Haha, none taken. Like I said Im speaking as a hardcore 90%er. Just saying. So long as you remember you're there to have fun and relax Im not too terribly concerned with hook up ratios or whatever. 
The only time Im frustrated is when there's seaweed which hinders the fishing.
I was once told that "good things come to those who bait" so that's my central dogma. Lol.


----------



## histprof (Oct 30, 2011)

I think that what Bigfost said in his second post catches it for me. Not catching fish feels bad. For those of us who love it, that drives us to the next trip. I used to be into cycling. My last ride was rough. I rode a 50 on a windy spring day in the big hills out of Boerne when I wasn't feeling good. I limped in, just feeling awful. I never got on the bike for a long ride again. I couldn't see the next event. Fishing never does that too me. I love fishing and I hate not catching. But, not catching drives me to more fishing. Then, when I do catch, it is magic. BTW, I write this from the beach. I have suffered winds gusting to 45 knots today. So far, I have whiting and hardhead for my efforts. Come sunrise, I will be back at it.


----------



## bigfost (Oct 11, 2004)

Spectaker said:


> The only time Im frustrated is when there's seaweed which hinders the fishing.

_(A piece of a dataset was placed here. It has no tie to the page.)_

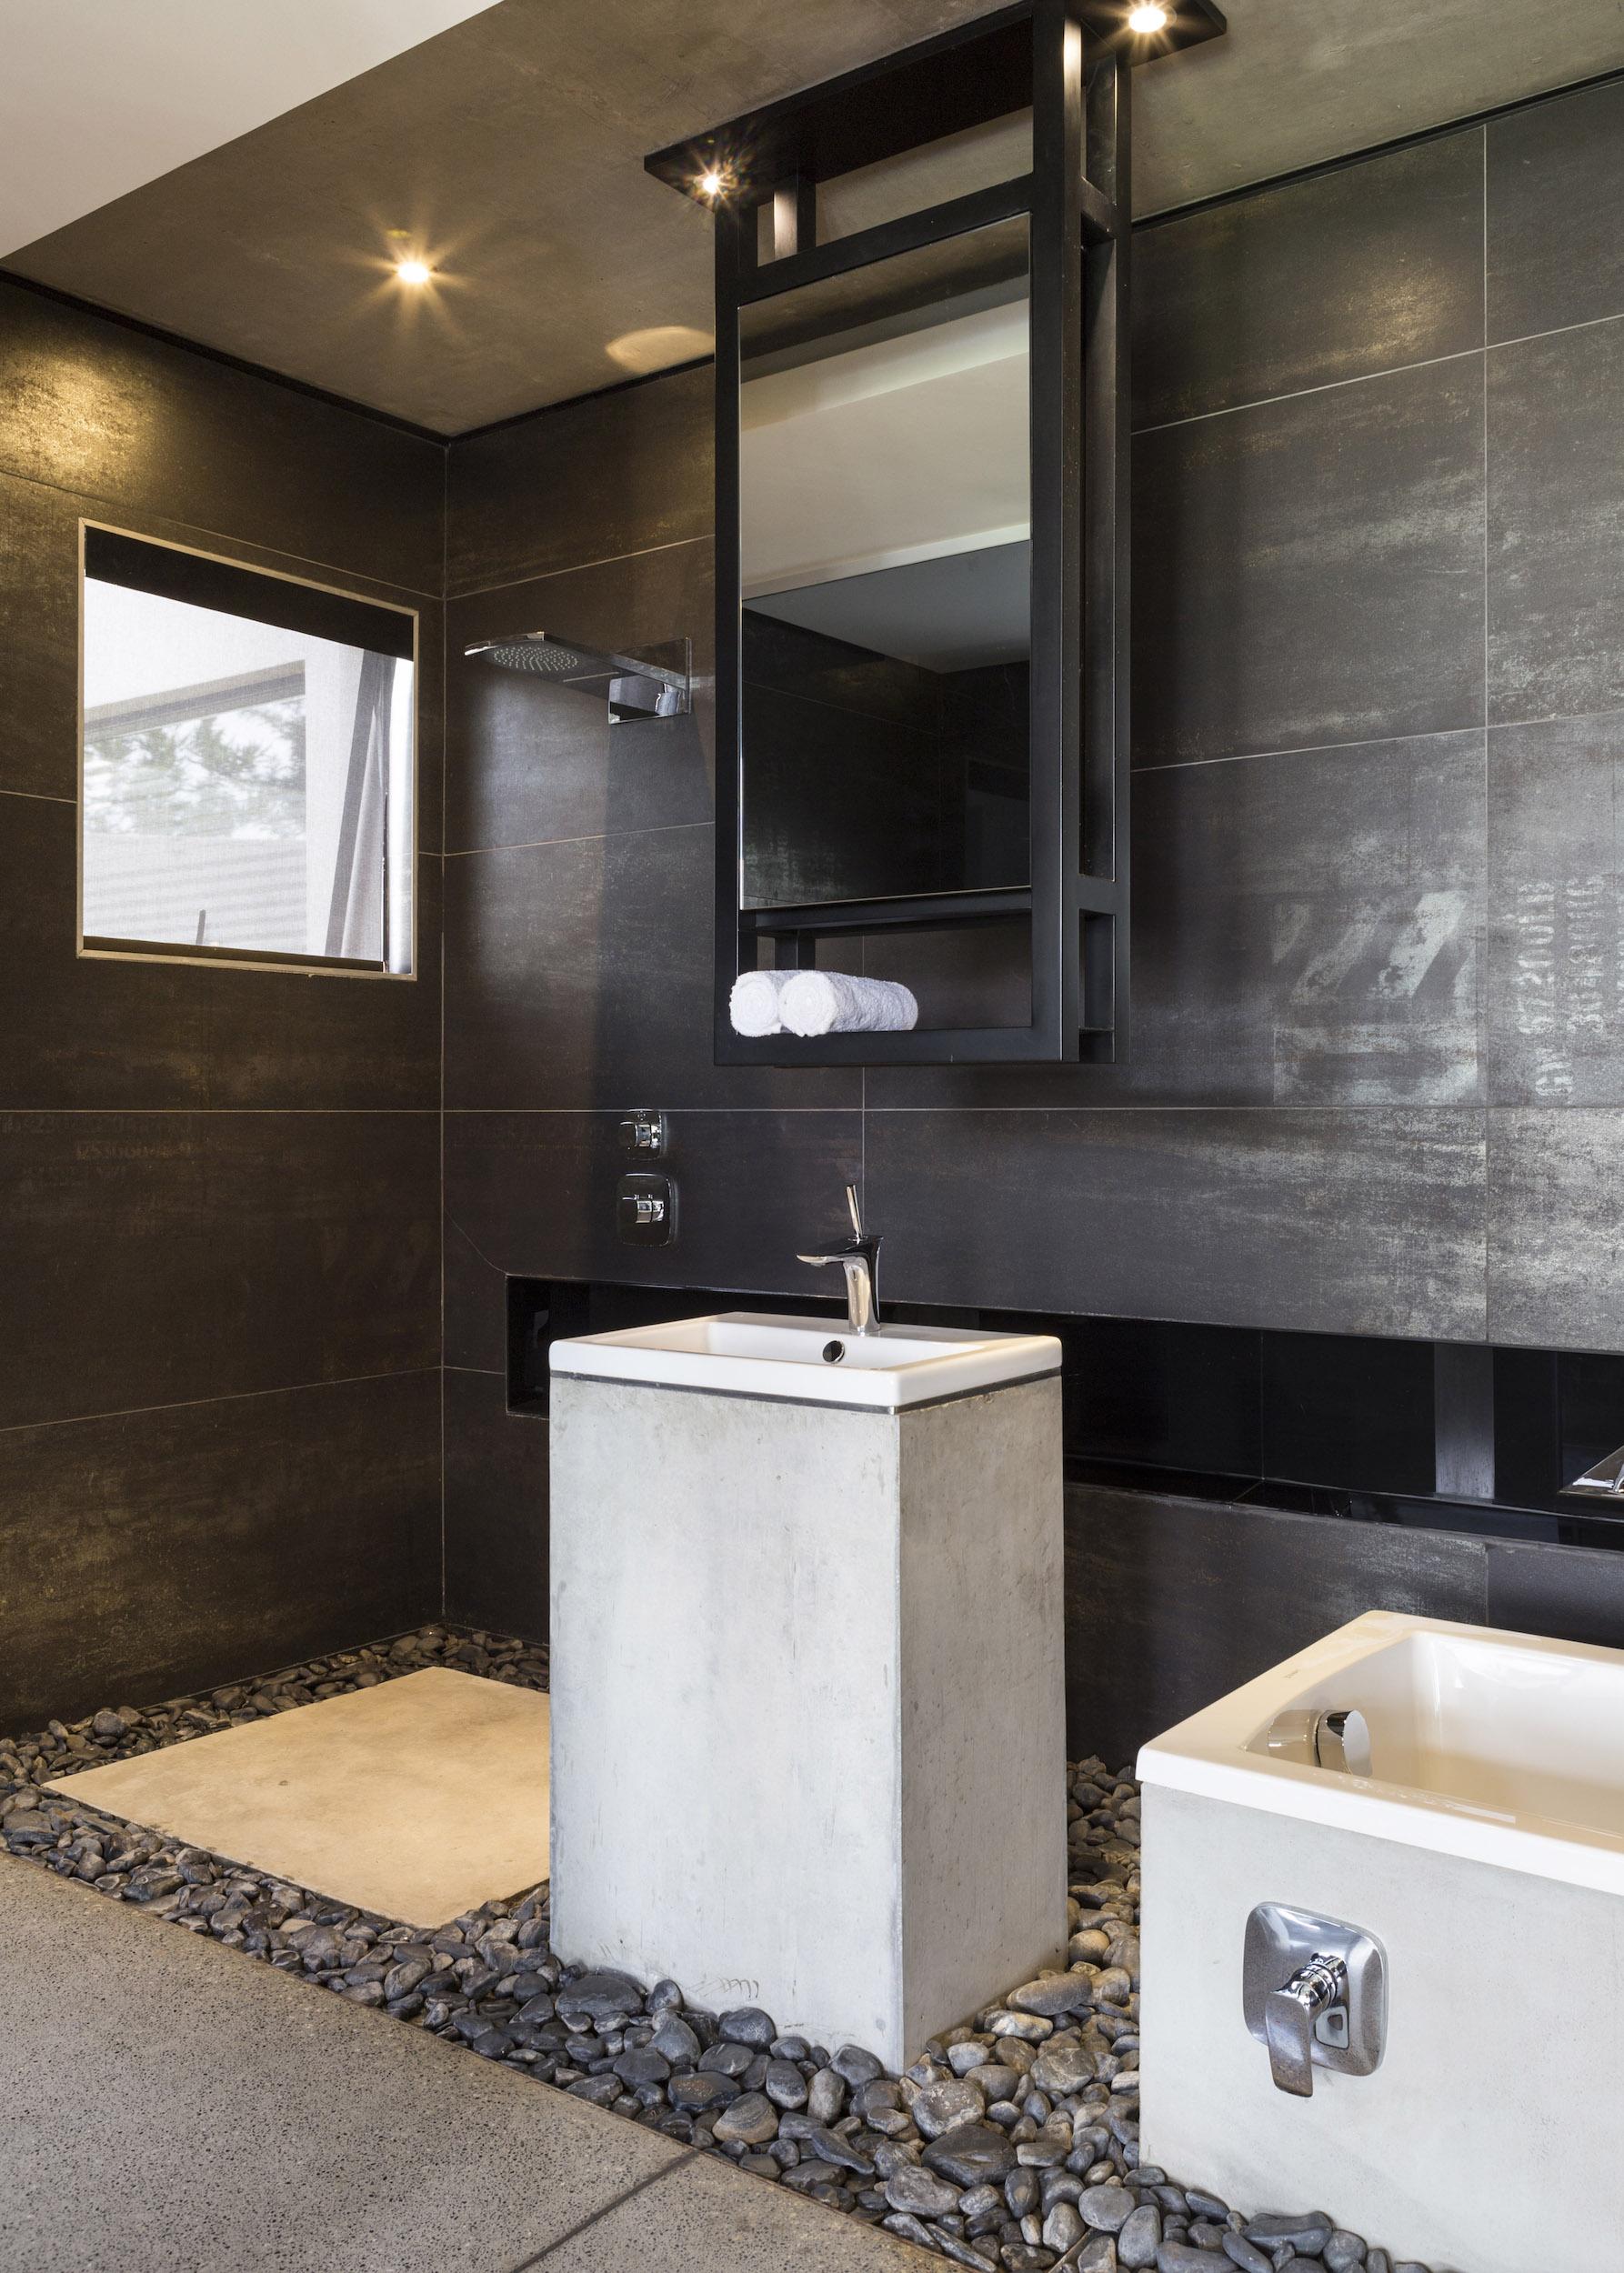 Kloof Road Masterpiece House in Johannesburg by Nico van der Meulen Architects-31

That's when you jump in the kayak and go BTB fishing. I've never experienced the seaweed so thick we couldn't fish out there.


----------



## johnmyjohn (Aug 6, 2006)

It's hard to add to what everybody else has said here because it's all true in some manner. What I've noticed as I get older that catching fish is a byproduct of fishing. Don't get me wrong because bringing home some fresh fish is to my liking but the trip was important too. I also think fishing is a personal thing, it means something different to everybody because we're all different in some way. When I'm not out fishing I'm still fishing whether it's thinking about it or collecting lures or building rods and on. I'm like one of you said, I like to golf but I am not a natural,,,,, at all. As far as catching fish I believe like golfers some are better than others. It's like the guy who never takes art lessons but can start his own gallery and sell his work. But there are those who can take art lessons and be fair at it (90%) and sell something once in a while. I have a friend I fish with and most the time we pull up even on fish caught. He crushes me at golf but he has me build his rods for him and he start me building. So I have to admit I agree with the 10% thing. But like Shadslinger I'm in the same boat, I love fishing and everything about it.


----------



## surfguy (May 17, 2011)

Bigfost, I love this thread you started and this particular comment from Surfrunner:

"Another thing about the better fishermen.....Instead of giving up when the fish aren't biting, they fish harder....I gaurantee you that only 10% do that...If that many!..Maybe 10% of the 10%, which are the one's that stand out among the 10%. LOL! 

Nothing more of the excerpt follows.